§ Exercise description:
Look below for the line containing "Autumn Screen Wallpaper (64+ images)". Write out that line and the rest through the last one, exactly as they appear, but without pictures.

§ Information provided:
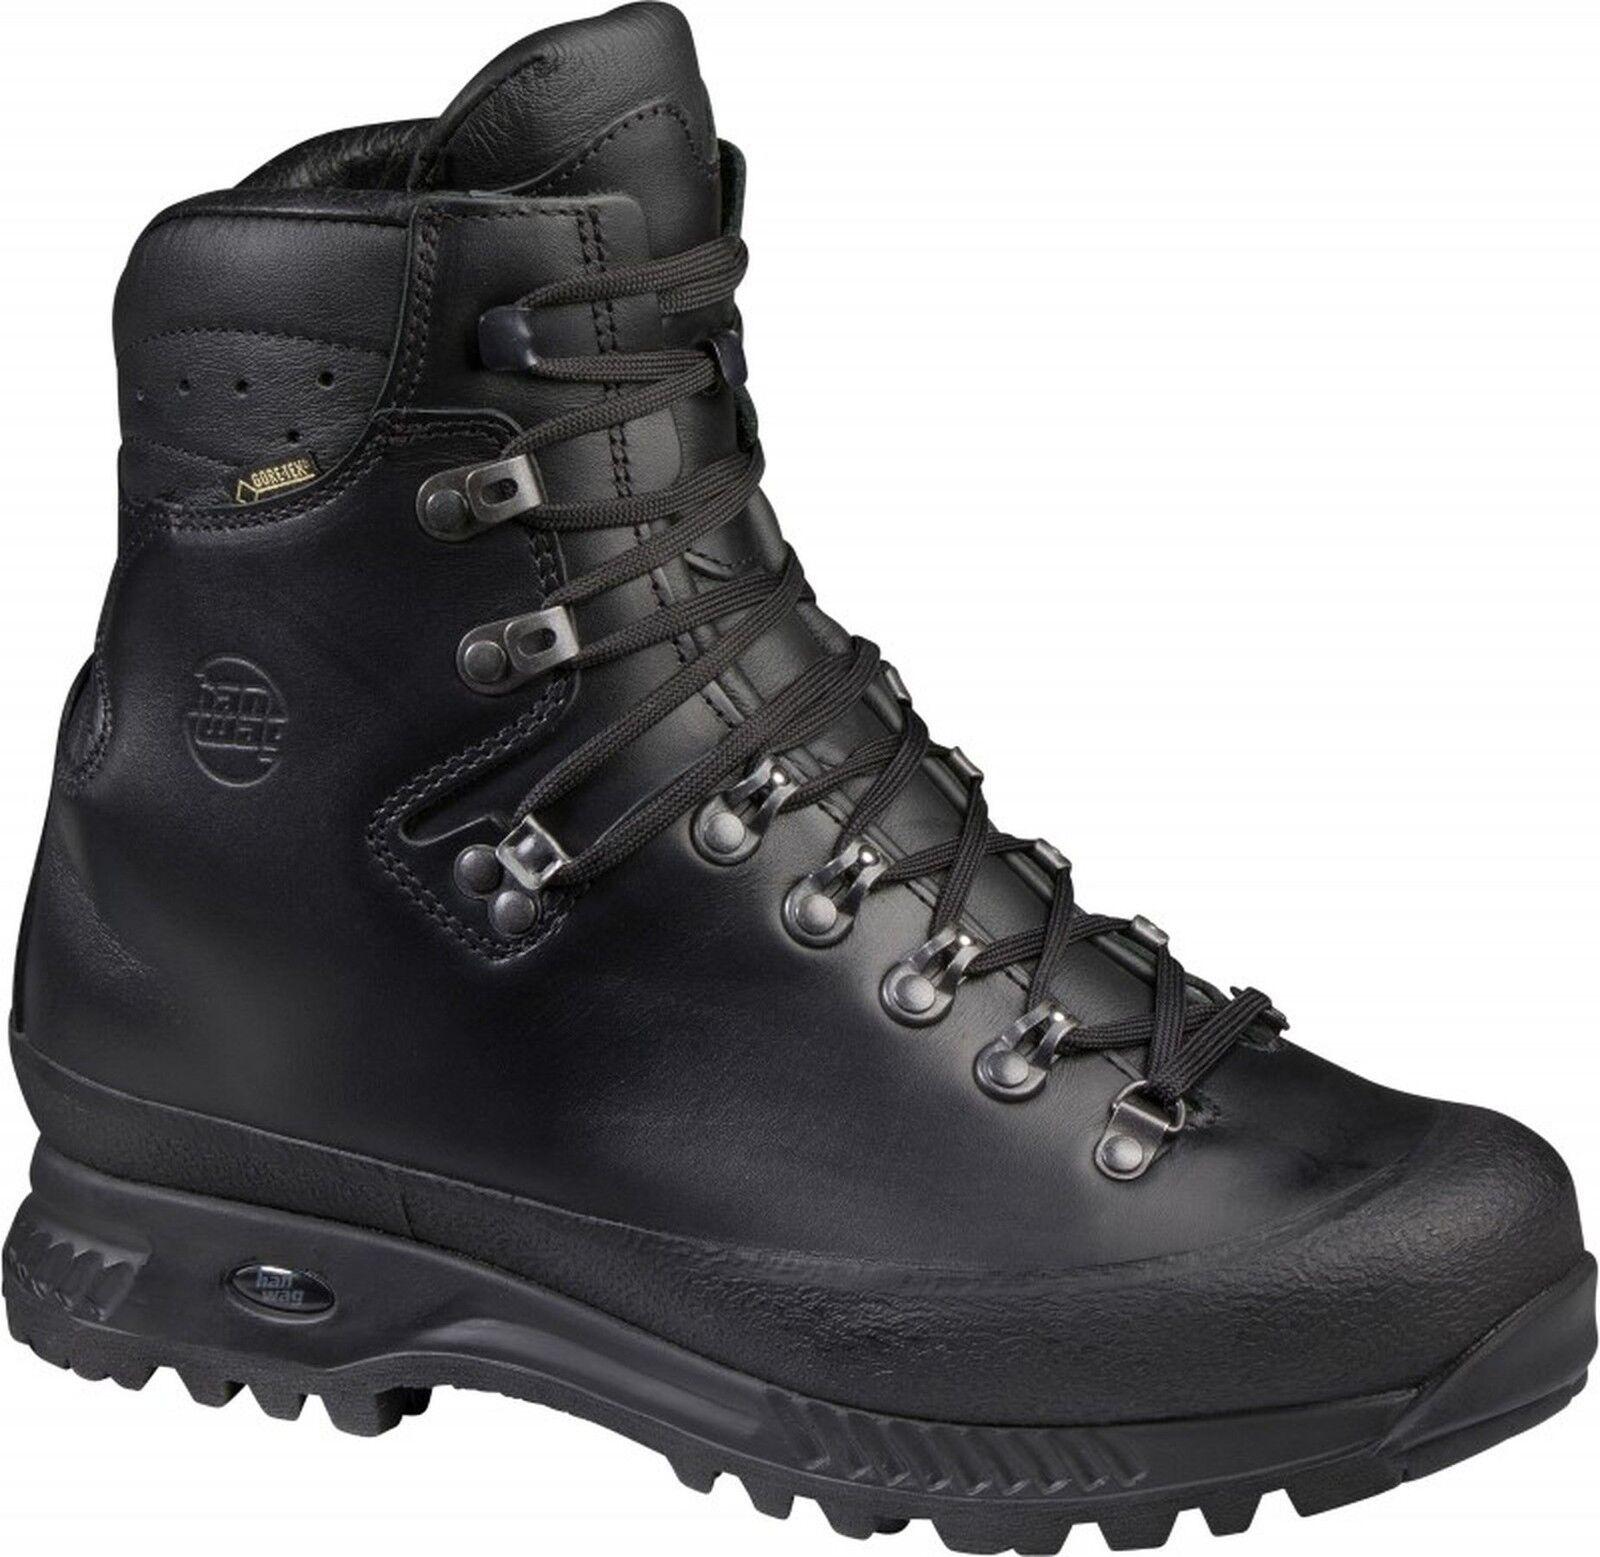 Hanwag Trekking & Bundeswehr Klassiker Alaska GTX Men Größe 8,5 - 42,5 black
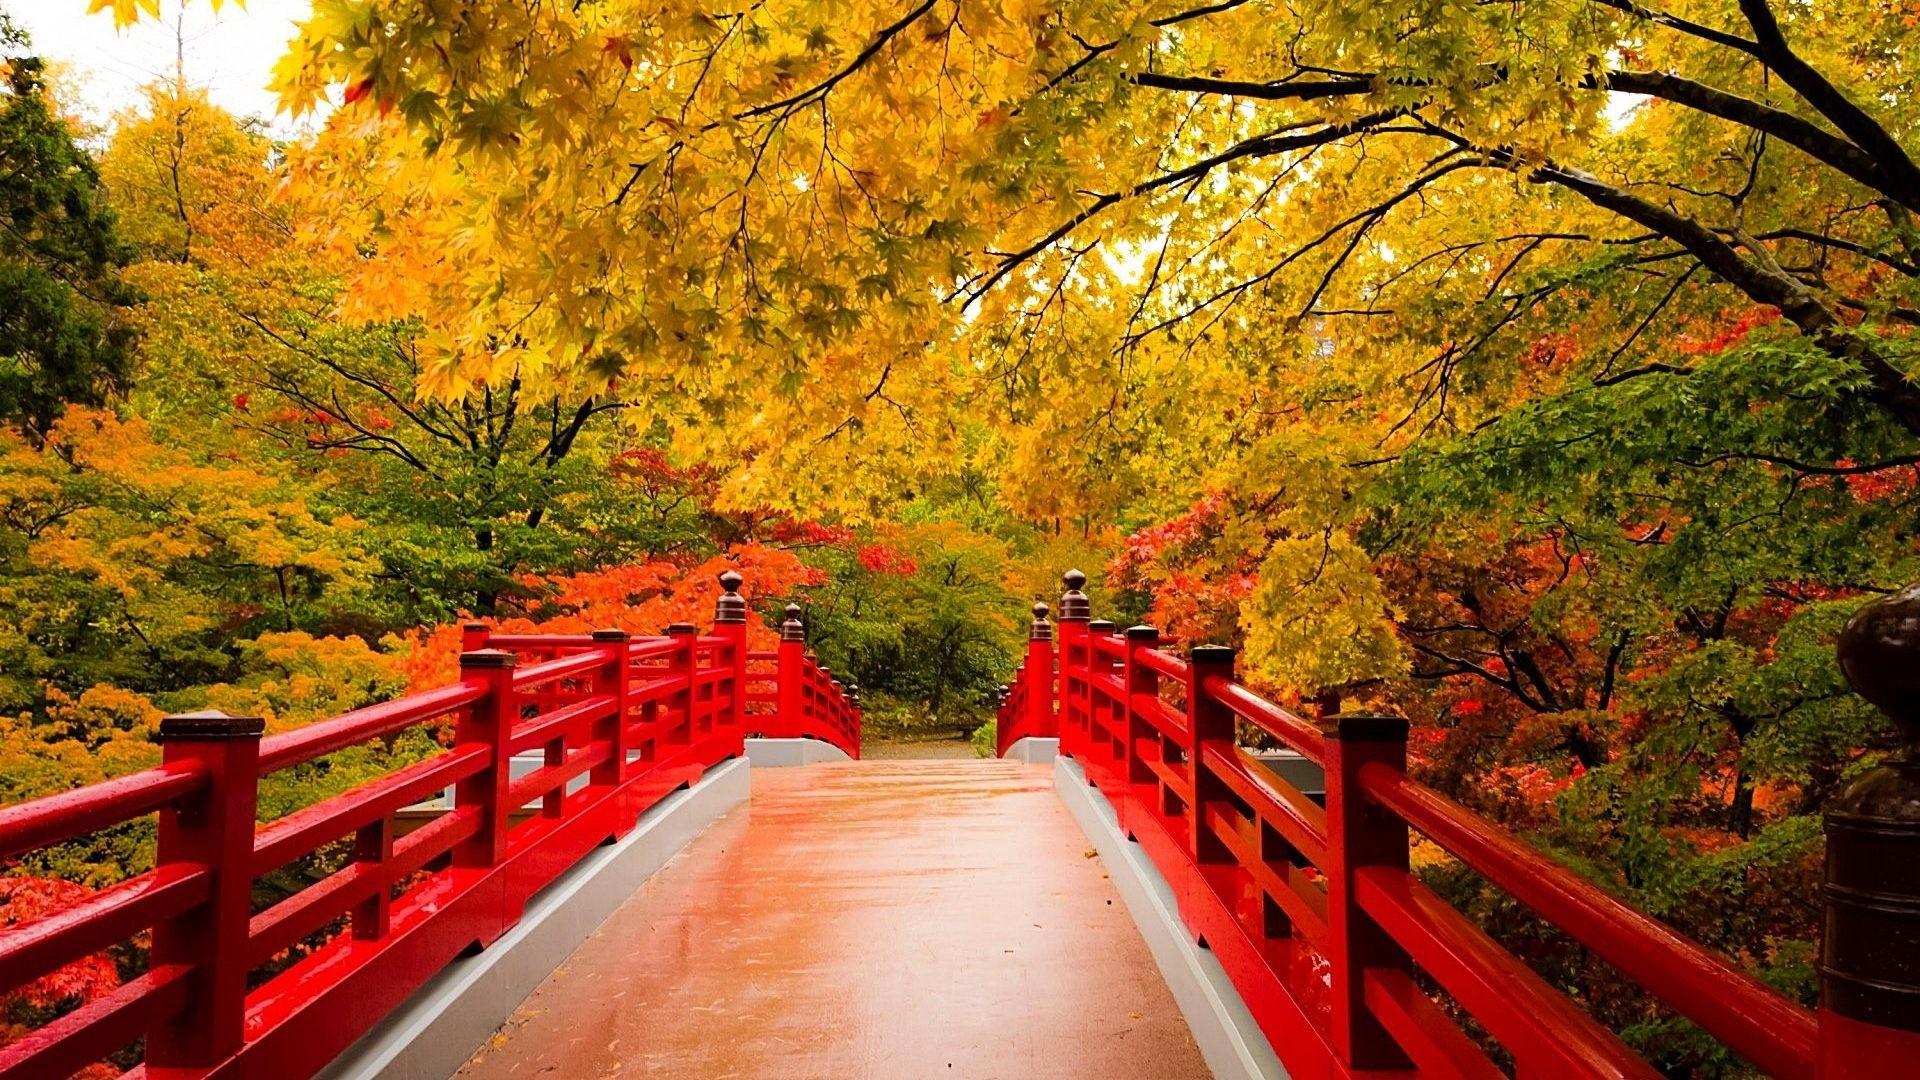 Autumn Screen Wallpaper (64+ images)
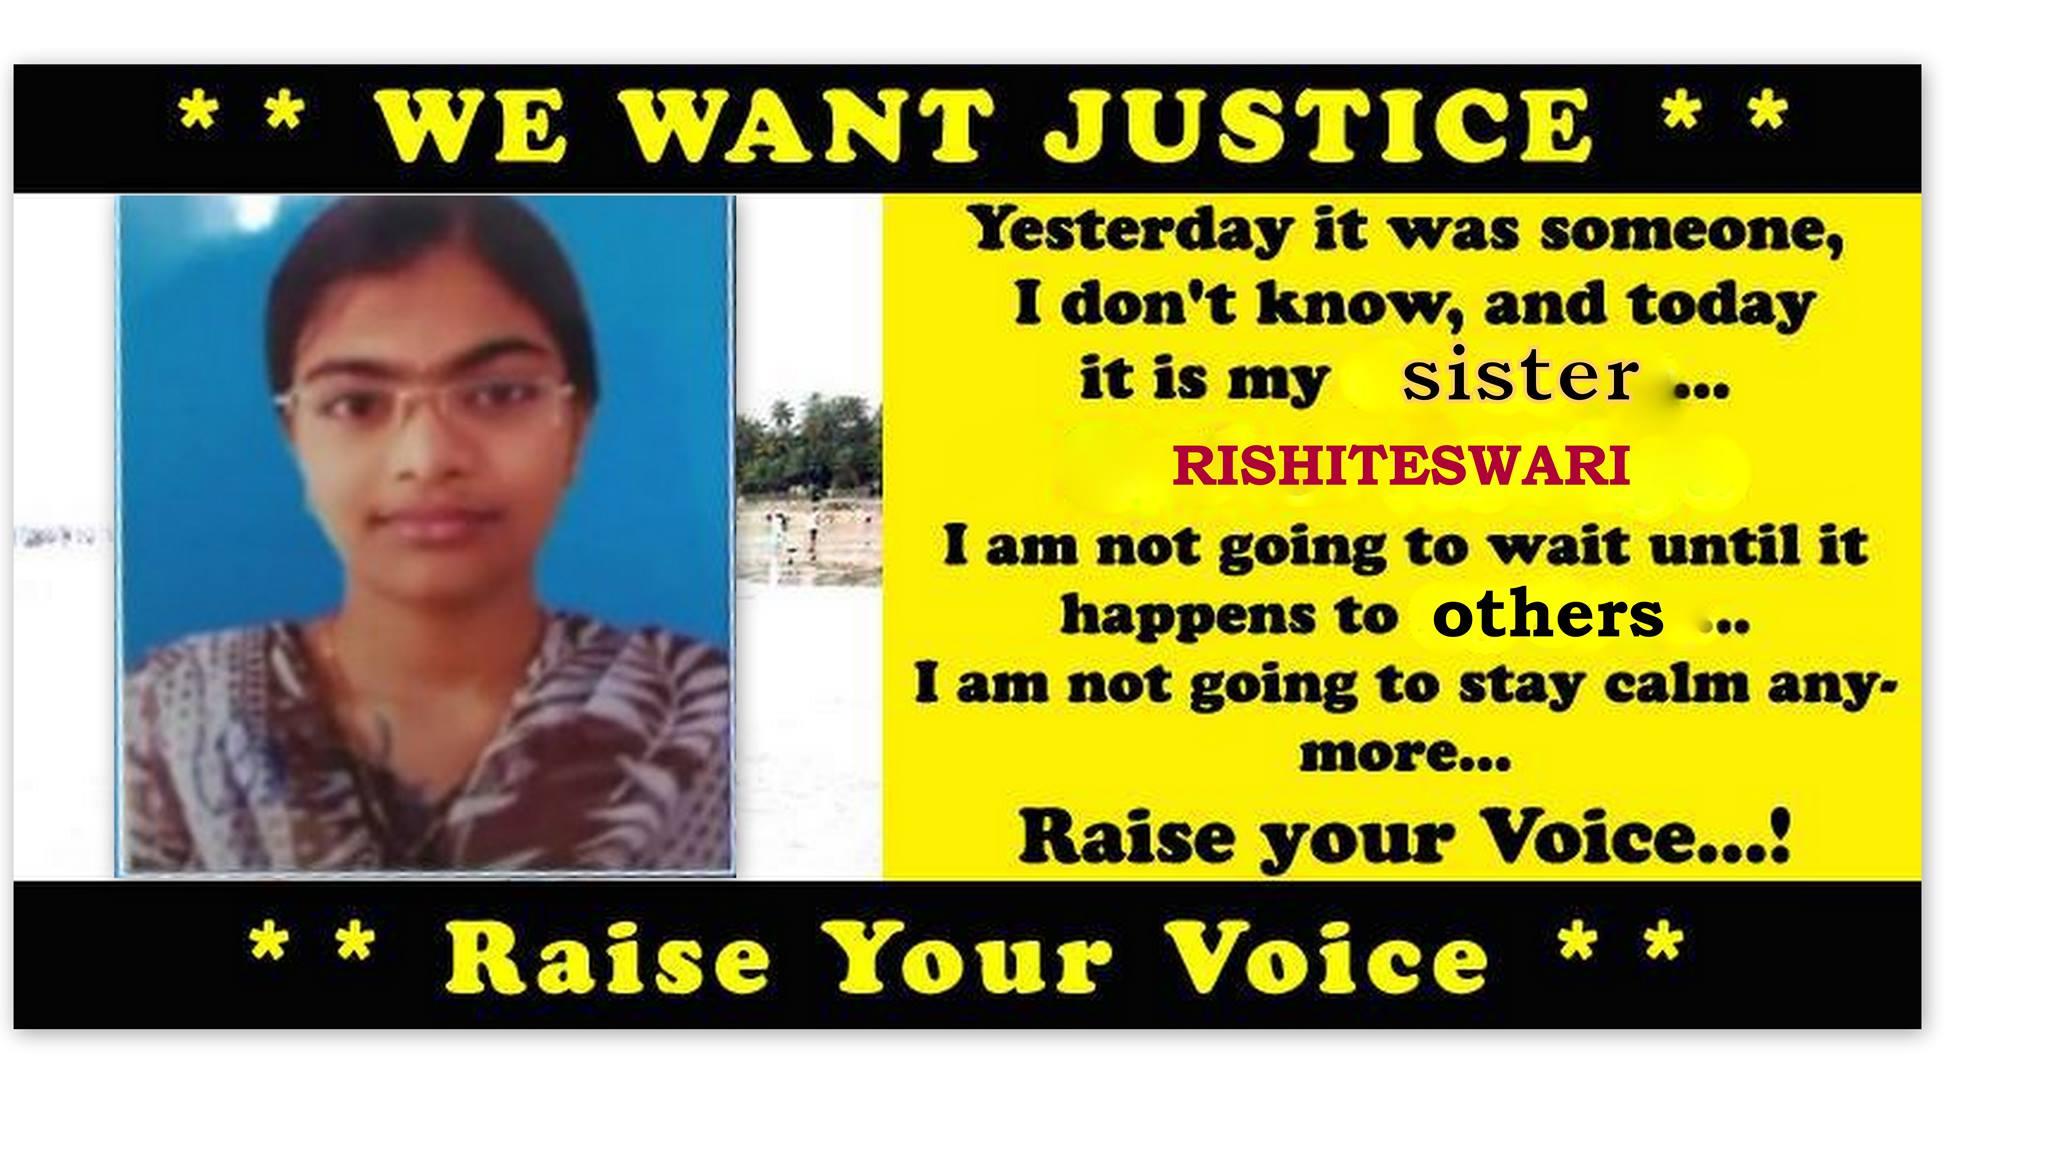 Rishiteswari's Death is a Suicide? or a Murder?

§ Task result:
 Autumn Screen Wallpaper (64+ images)
 Rishiteswari's Death is a Suicide? or a Murder?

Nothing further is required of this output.